La Catalogne, par exemple, qui est une région avec sa propre culture nationale et sa propre langue, a longtemps lutté pour son indépendance, mais en 2017, lorsqu’elle a tenté d’organiser un référendum pour l’indépendance, la police nationale espagnole a battu les électeurs catalans et jeté les politiciens catalans en prison.

Au bout du compte, outre sa haine des Juifs, Sánchez fait ce que tous les dirigeants corrompus ont toujours fait : accuser les Juifs pour détourner l’attention de ses propres problèmes. Sánchez se retrouve au cœur de plusieurs scandales de corruption et peine à se maintenir au pouvoir, alors que l’ on exige sa démission et sa responsabilisation.

Pendant ce temps, les Juifs d’Espagne paient le prix de la haine antijuive du gouvernement espagnol, comme récemment lors de la Vuelta. Des Juifs espagnols, venus assister à la Vuelta avec des drapeaux espagnols et israéliens, ont été harcelés par « des centaines de personnes arborant des drapeaux palestiniens et manifestant une violence et une coercition extrêmes », alors qu’ils se trouvaient à l’endroit où la police leur avait ordonné de se tenir pour éviter toute confrontation. La foule les a même poursuivis, alors qu’ils s’étaient déplacés ailleurs « pour ne provoquer personne ». Pendant ce temps, la police est restée inactive.

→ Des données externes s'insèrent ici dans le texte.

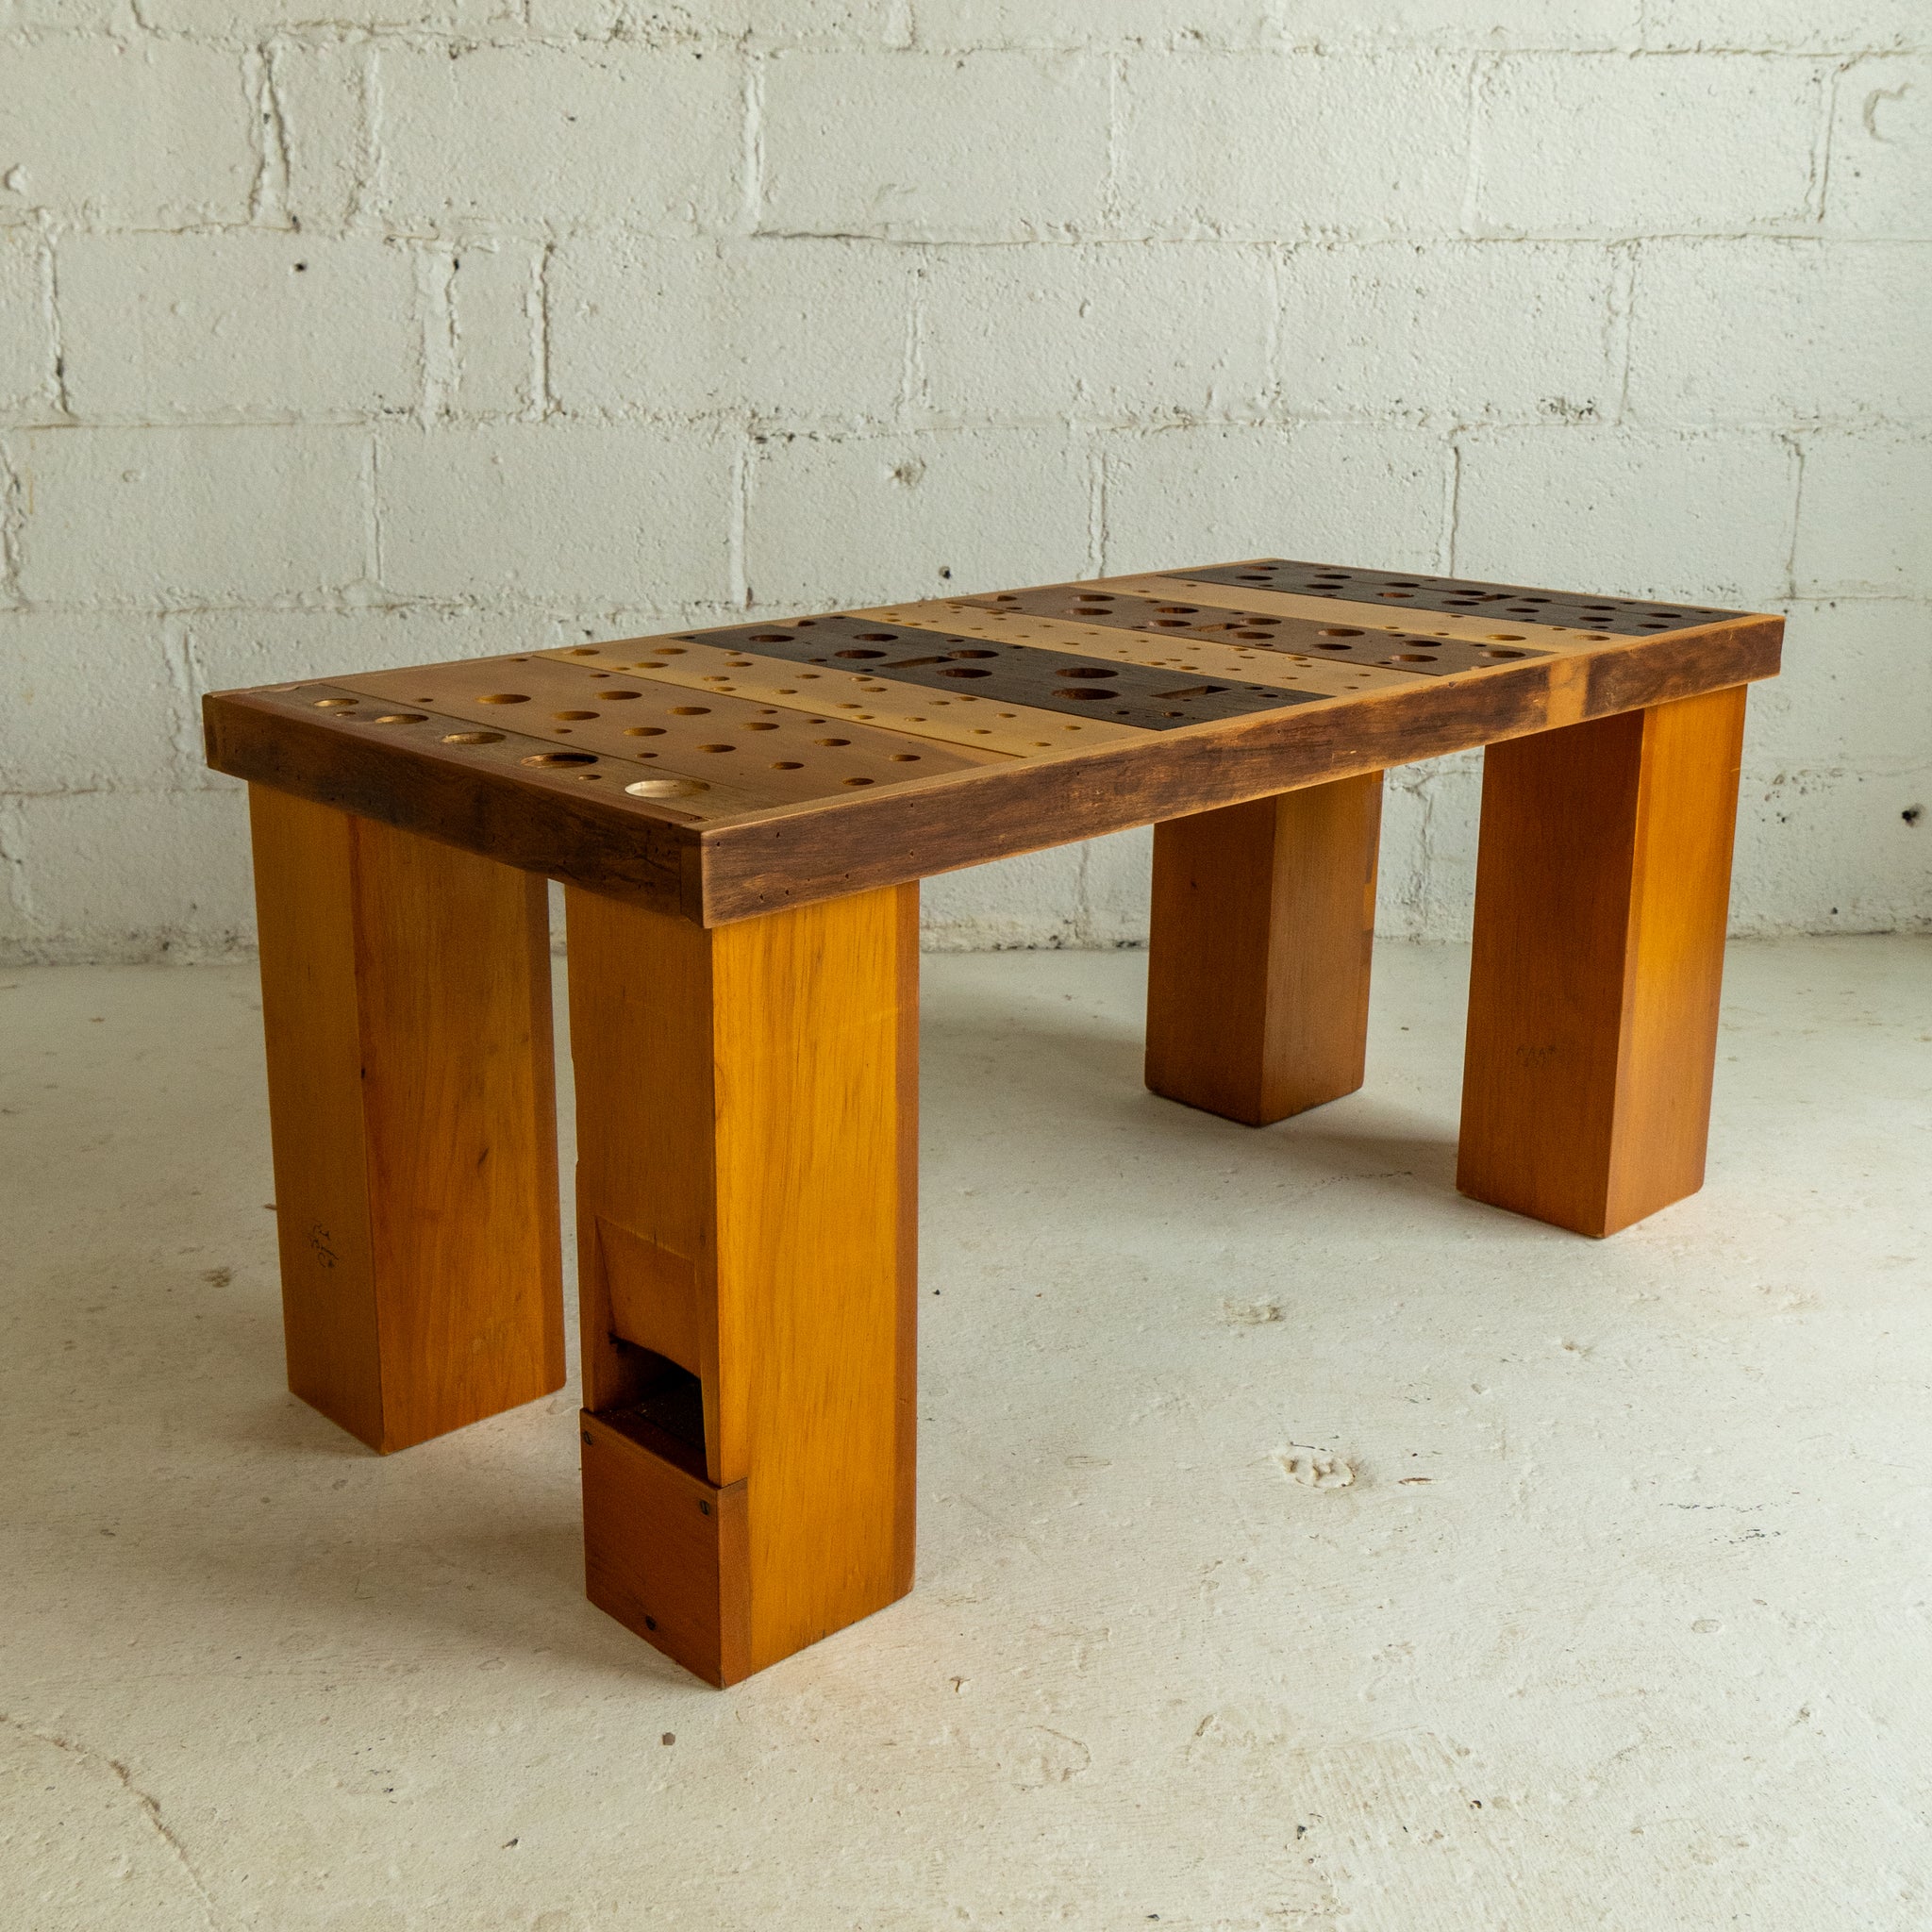 pipe organ coffee table 2 full view reclaimed wood

Ángel Más, président de l’Action et Communication pour le Moyen-Orient (ACOM), a déclaré :

Ce fut une journée très triste, où le terrorisme de rue a été banalisé comme moyen d’atteindre des objectifs politiques par la coercition, l’intimidation, la violation de la loi et des droits fondamentaux…

Ces personnes ne sont pas venues pour protester contre un tour cycliste, ni pour soutenir une équipe, ni pour exprimer pacifiquement une opinion lors d’un événement public. Elles sont venues pour nous lyncher. Leur problème n’est pas la participation d’une équipe israélienne à La Vuelta ; leur problème, c’est que nous respirions, c’est que nous existions.

Il est peut-être temps pour Sánchez et ceux qui ont voté pour lui de reconsidérer leur position.